• [Directions for this task]: At the line containing "Filca Farma Bromeda", begin an exact copy of the lines below and continue through the final one, with no pictures.

• [Dataset extract]:
-- Opening Marker --
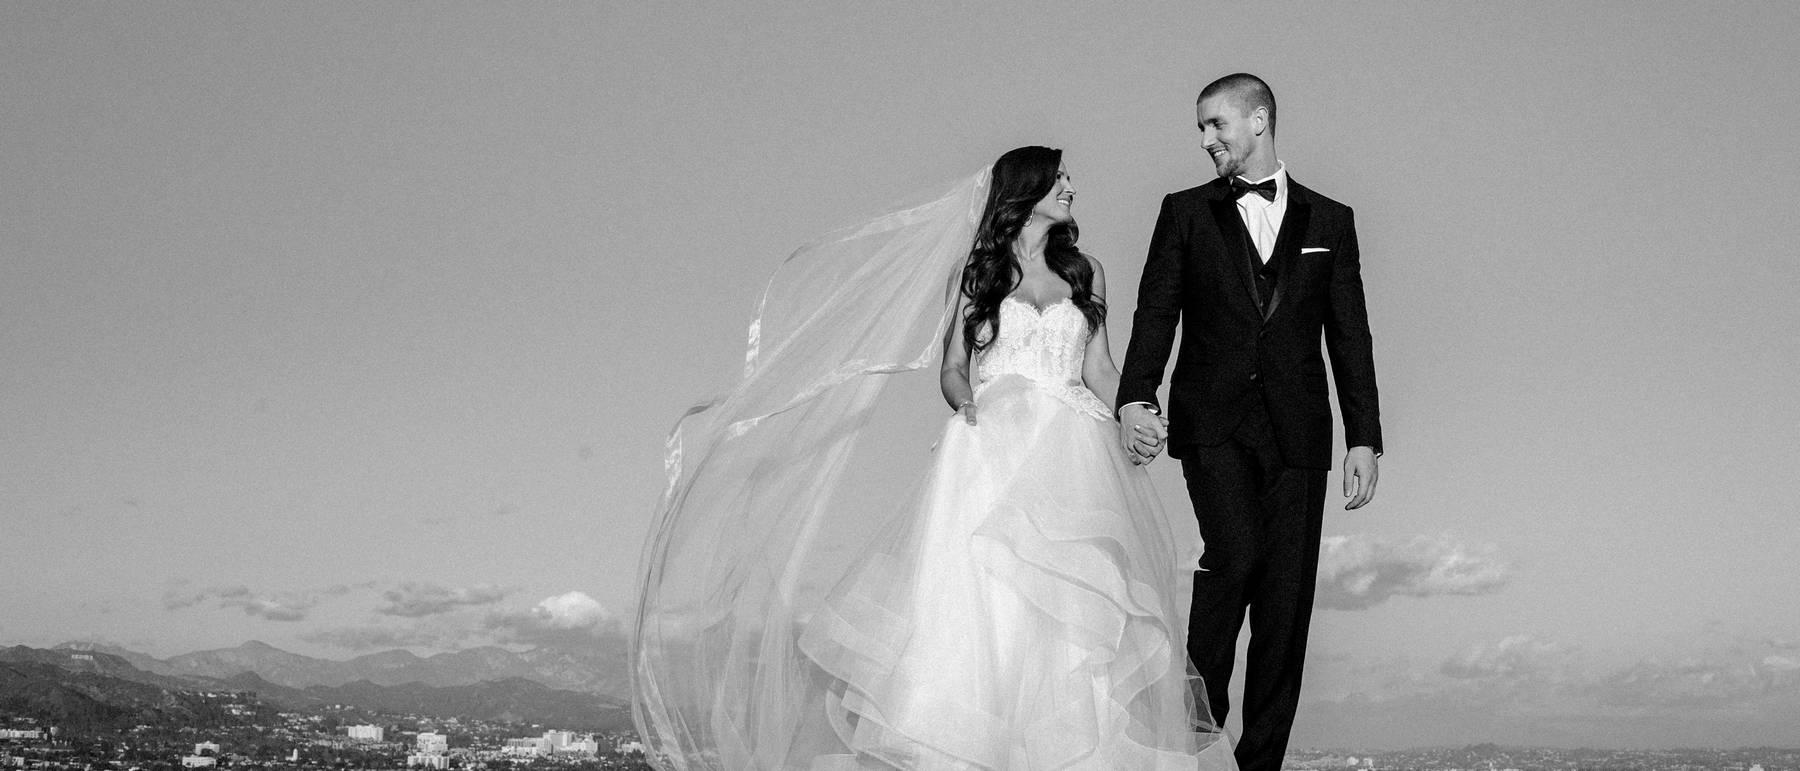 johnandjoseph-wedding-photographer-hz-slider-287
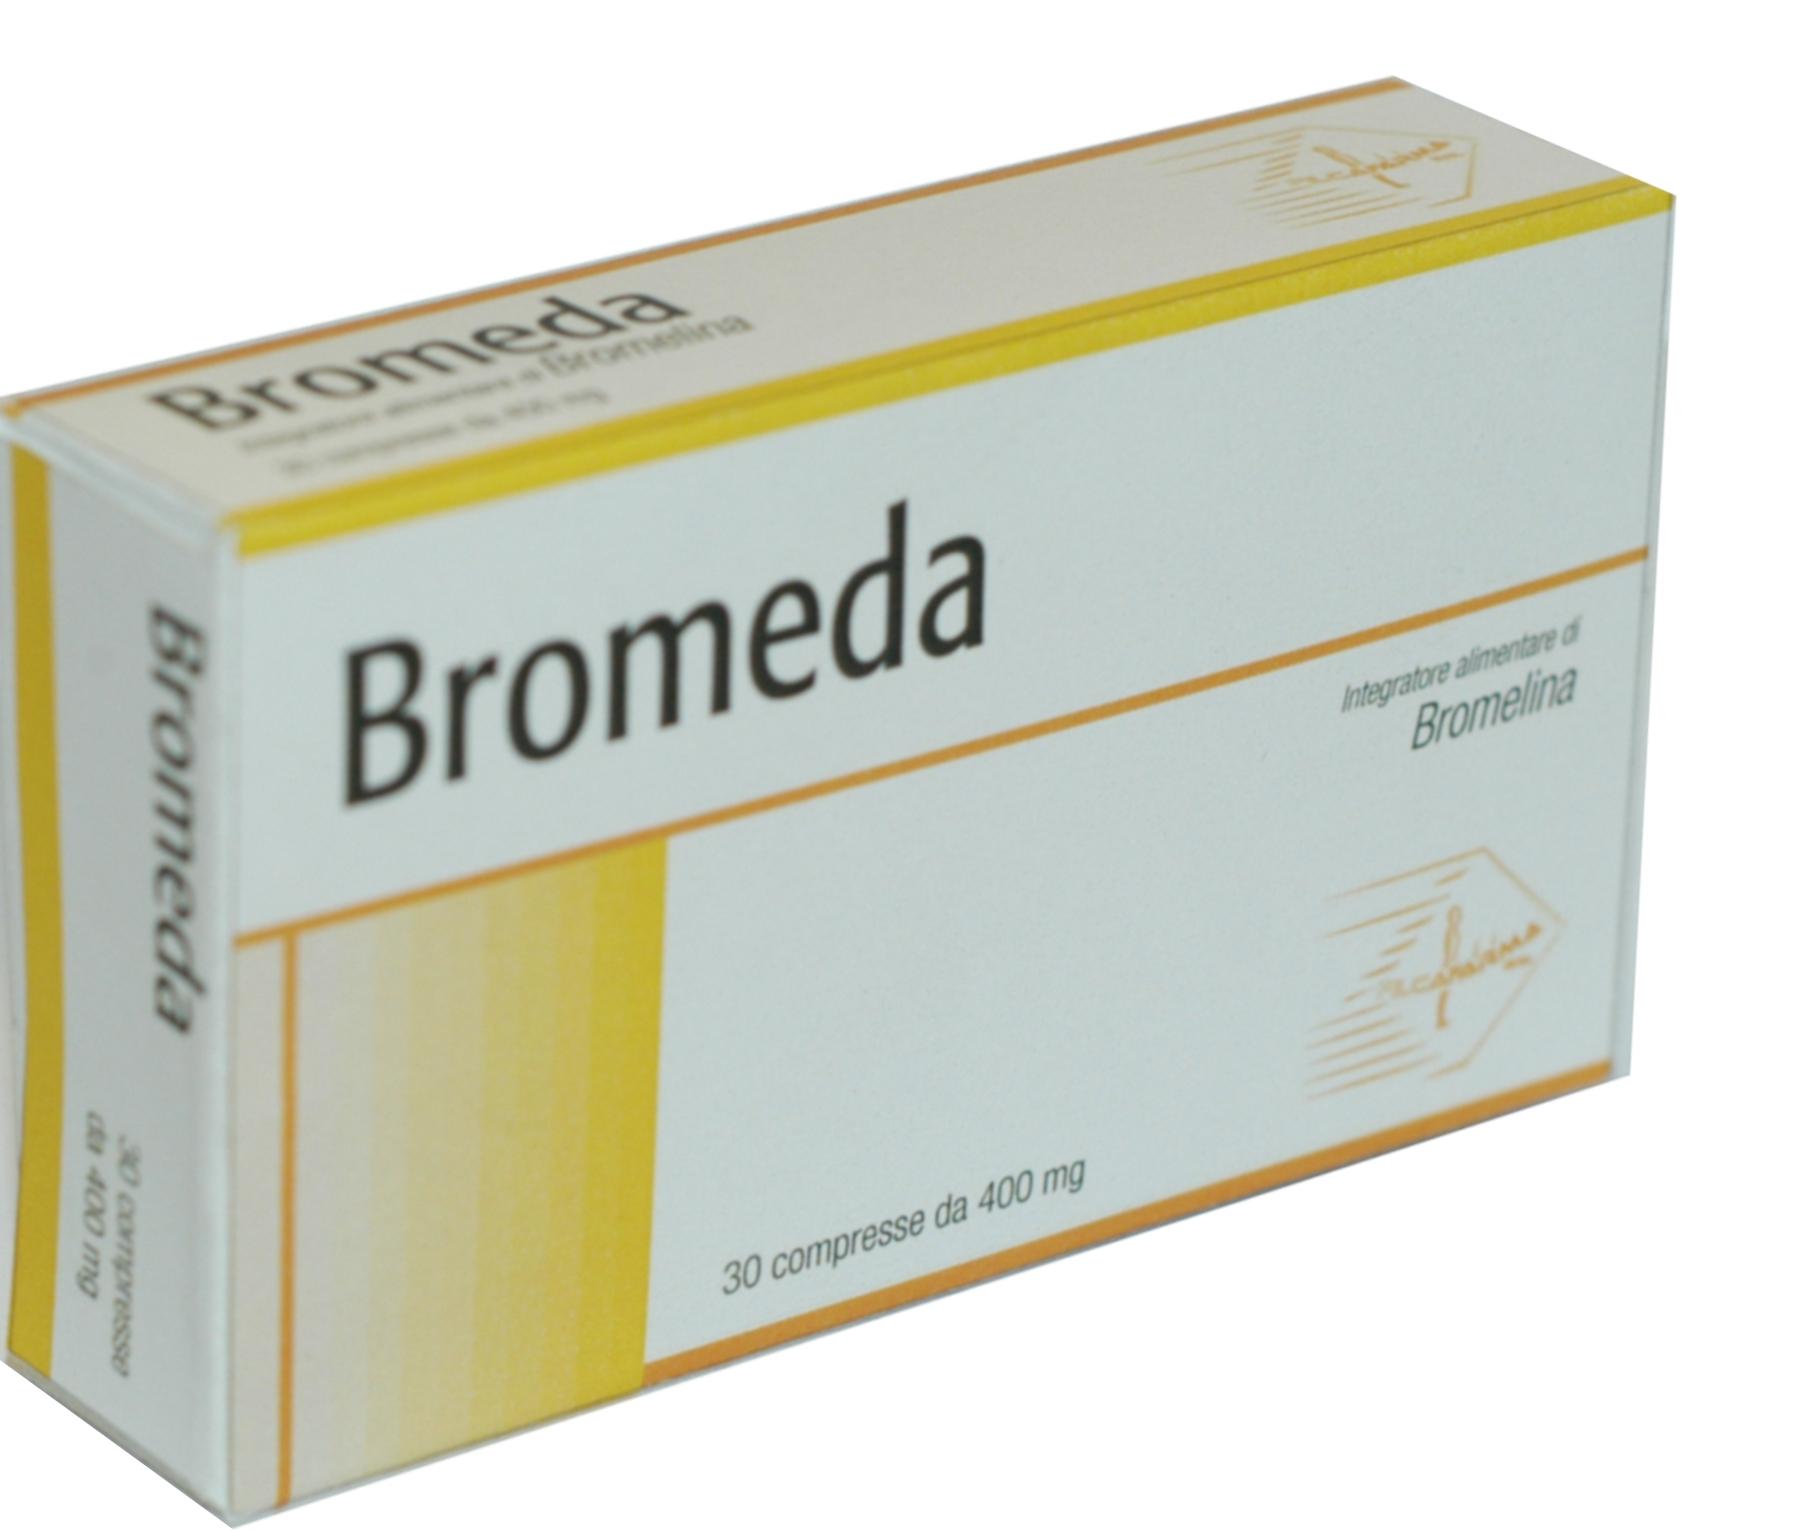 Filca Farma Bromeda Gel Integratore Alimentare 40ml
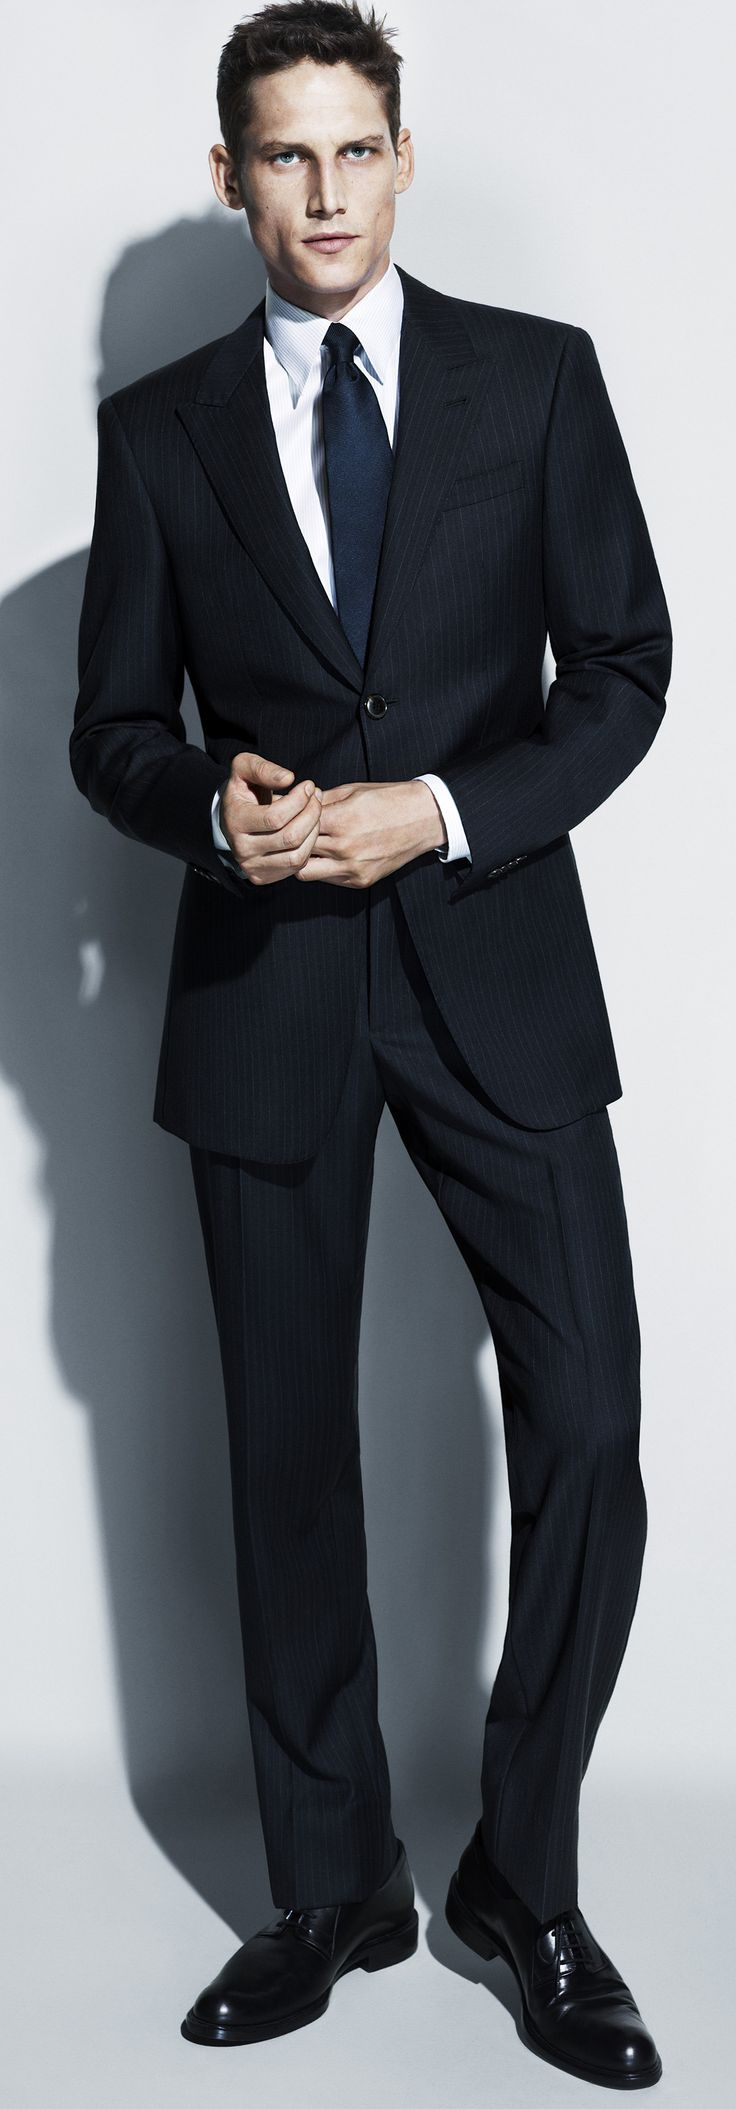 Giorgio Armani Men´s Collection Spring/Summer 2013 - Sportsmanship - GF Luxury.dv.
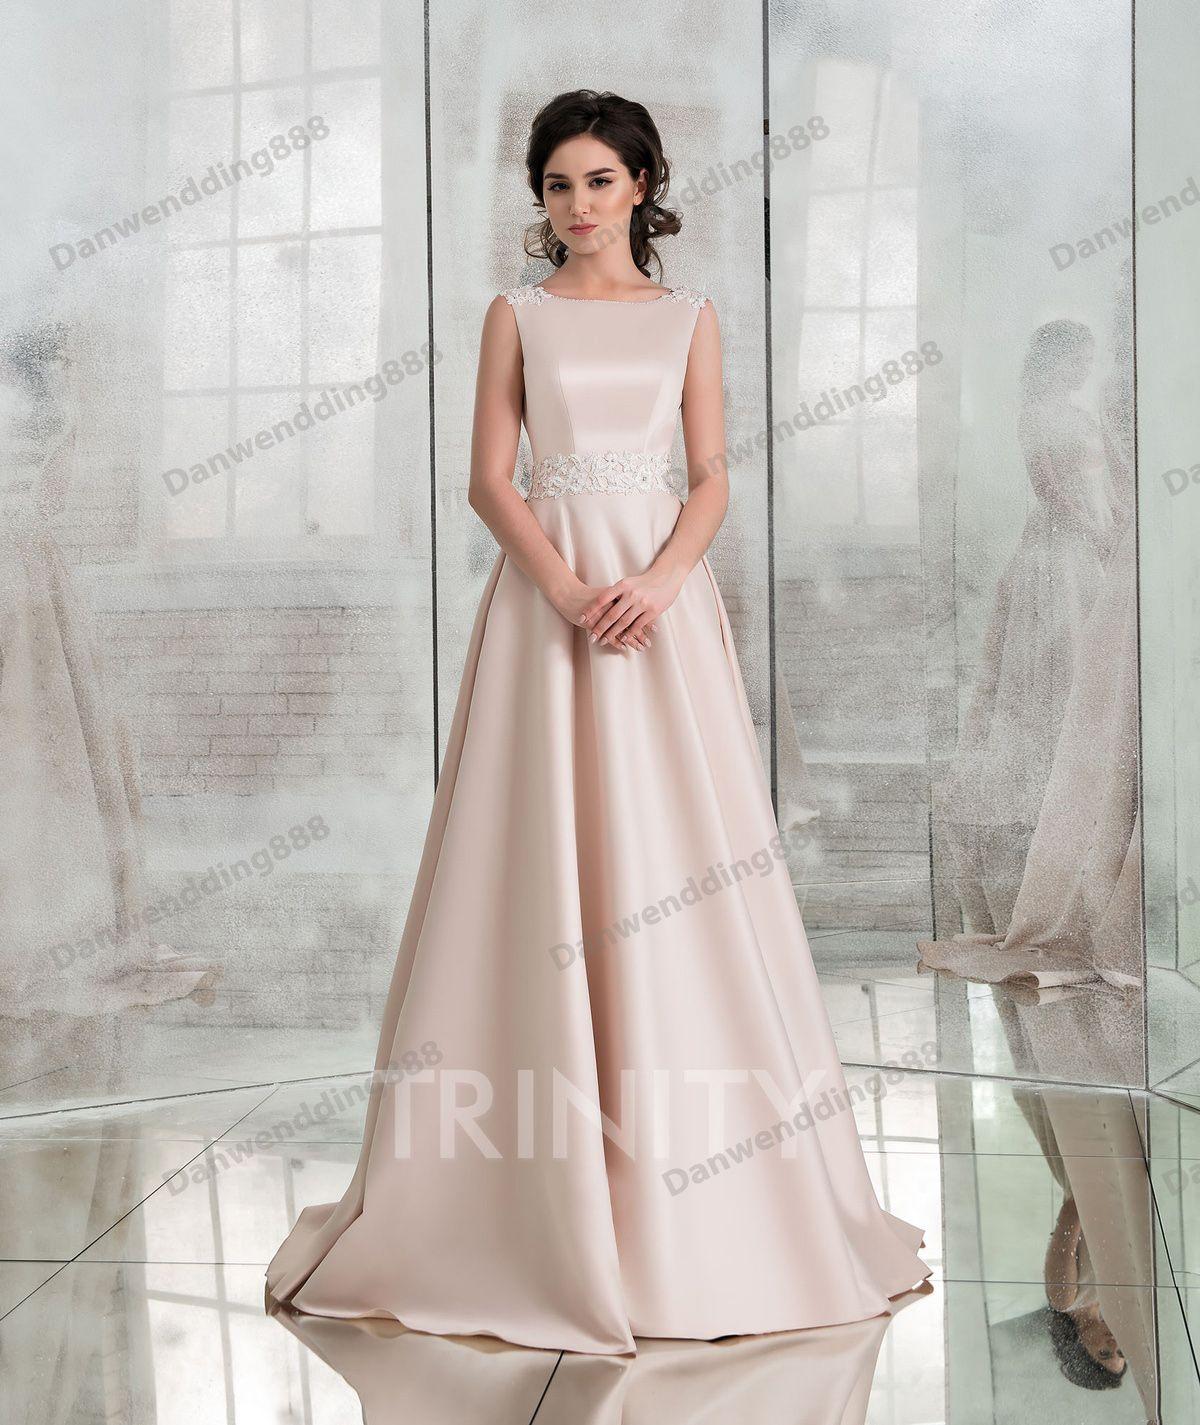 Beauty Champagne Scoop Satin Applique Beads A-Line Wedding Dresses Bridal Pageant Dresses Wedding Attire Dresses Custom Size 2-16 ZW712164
-- Closing Marker --
• [Exercise solution]:
 Filca Farma Bromeda Gel Integratore Alimentare 40ml
 Giorgio Armani Men´s Collection Spring/Summer 2013 - Sportsmanship - GF Luxury.dv.
 Beauty Champagne Scoop Satin Applique Beads A-Line Wedding Dresses Bridal Pageant Dresses Wedding Attire Dresses Custom Size 2-16 ZW712164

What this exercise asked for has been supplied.